Linking neural data to behavior
Binary logistic regression analysis was used to examine the impact on subsequent memory from prediction strength and perception strength during the encoding task. The result of each of these analyses is a coefficient estimate (β) of the relationship between the given neural evidence and the memory outcomes. To increase our ability to detect trial-specific effects, we pooled data from all subjects and then performed bootstrap resampling to evaluate the population reliability of the result (Efron, 1979). On each bootstrap iteration (of 1,000 total), we sampled randomly (with replacement) a collection of participants data to match the size of our experimental sample (N = 22). There were eight regressions conducted for perception strength and subsequent memory (incongruent/congruent x 1st/2nd/3rd/4th positions), and six regressions conducted for prediction strength and subsequent memory (incongruent/congruent x 2nd/3rd/4th positions). Statistical significance was calculated with a non-parametric test across bootstrap iterations, evaluating the stability of an effect of interest by calculating the proportion of iterations in which the effect was found. Lastly, to verify that the effects were not arising from variance across participants but from within-subject variance, we repeated the main analyses using standardized (z-scored) classifier evidence for each participant (Kim et al., 2014). Results from the main analyses were qualitatively similar and confirmed. Across repetitions, linear regression analyses were conducted on the binary logistic regression results (β) for each condition and process (prediction/perception), and F-test on the model was calculated for the statistical significance test.

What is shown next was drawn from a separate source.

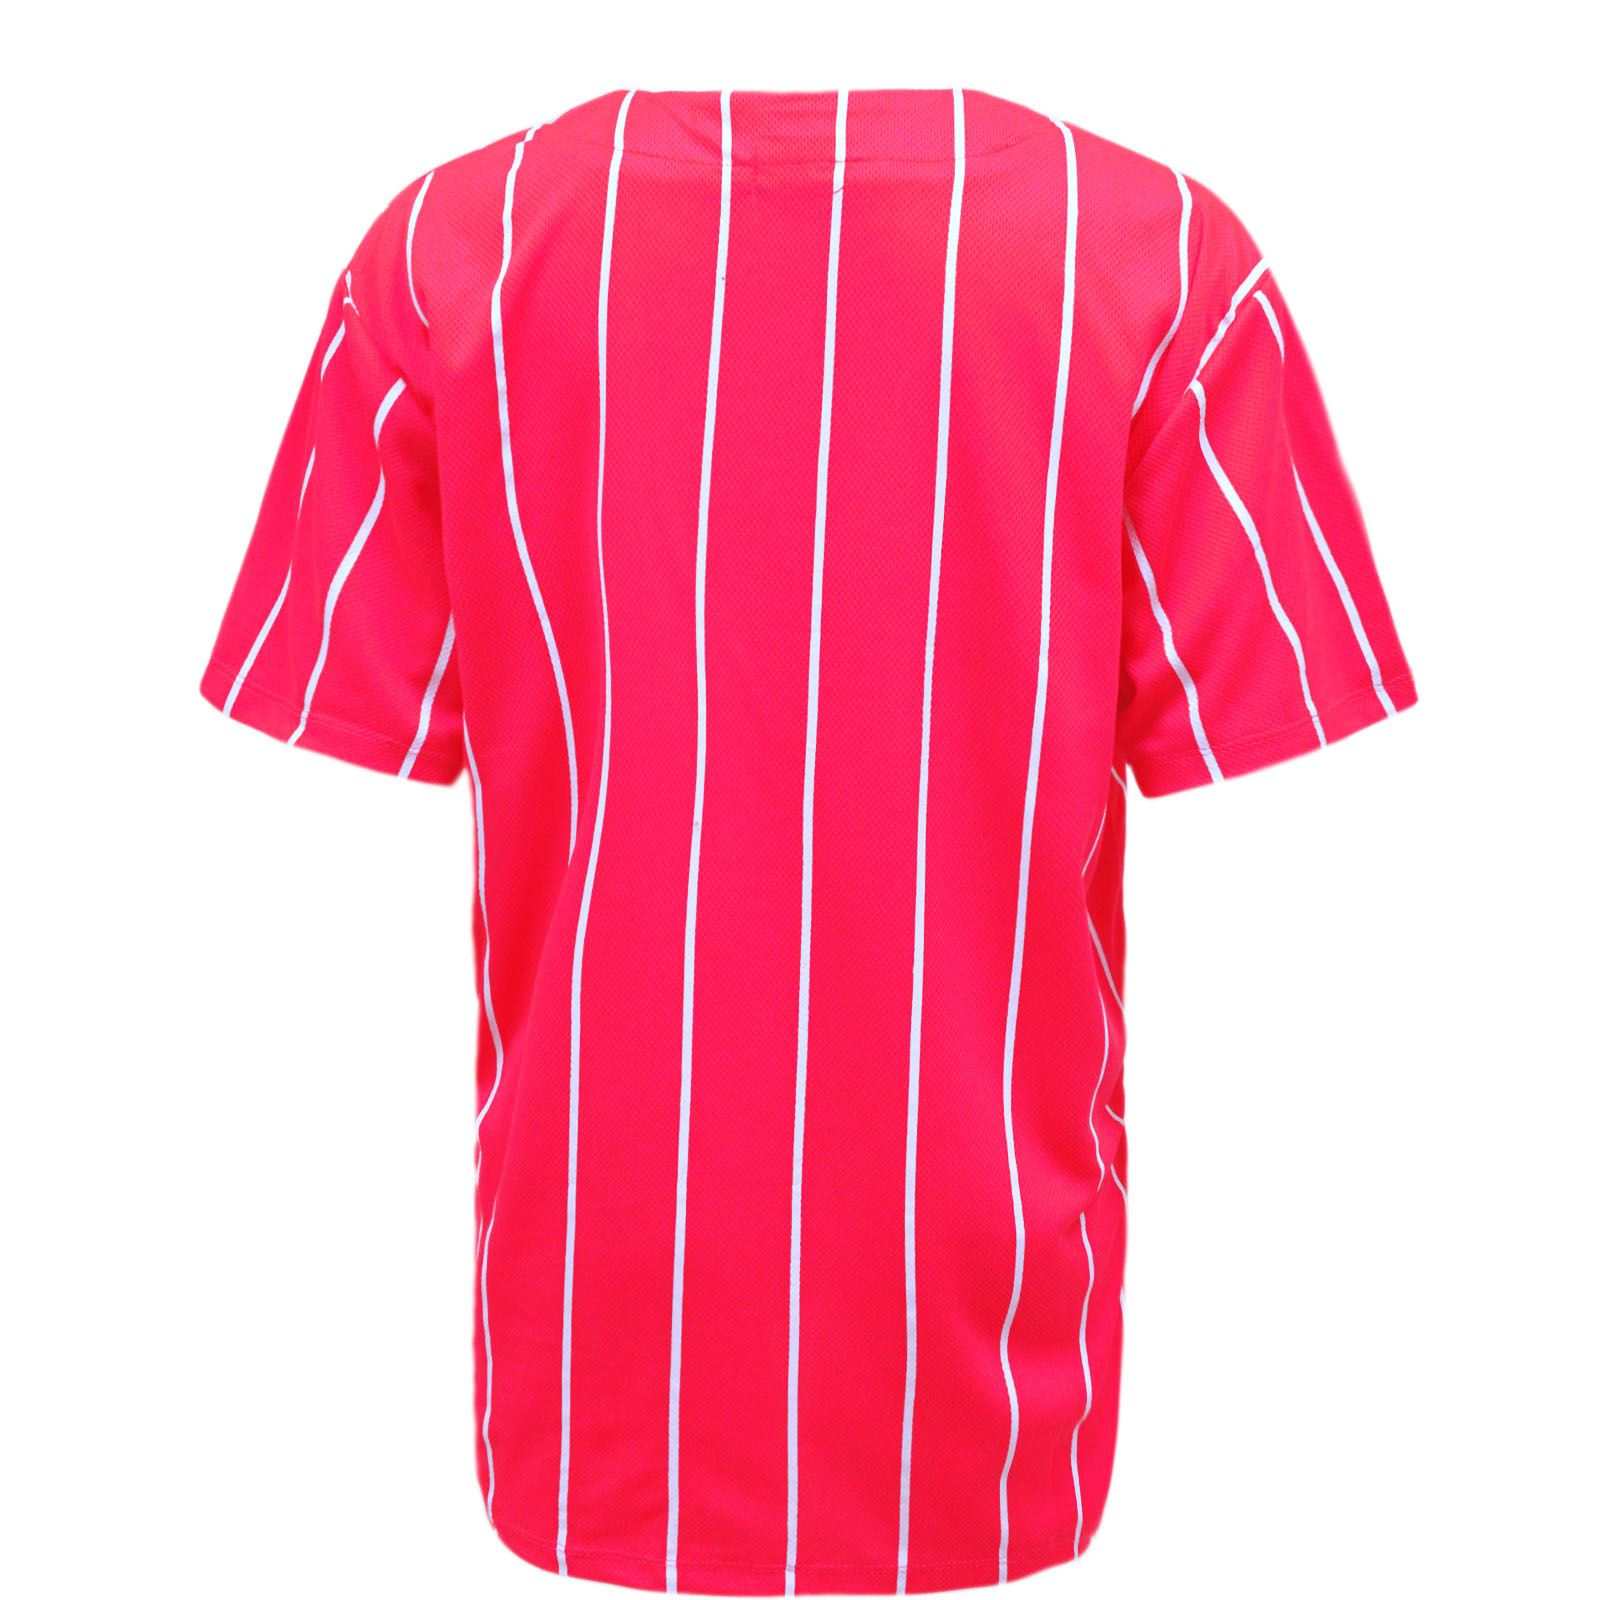 Ac Dc Womens Shirts

Mismatch signals in hippocampus
Linear regression analyses were applied to link mismatch signals in the hippocampus (Long et al., 2016) and prediction strength decoded from the ventral temporal cortex. The mismatch signal was defined as the average intensity of the signal during the perception window, and prediction strength was defined as the average classifier evidence during the prediction window. There was no reliable relationship between mismatch signals and prediction strength for either incongruent or congruent conditions (Ps > .05).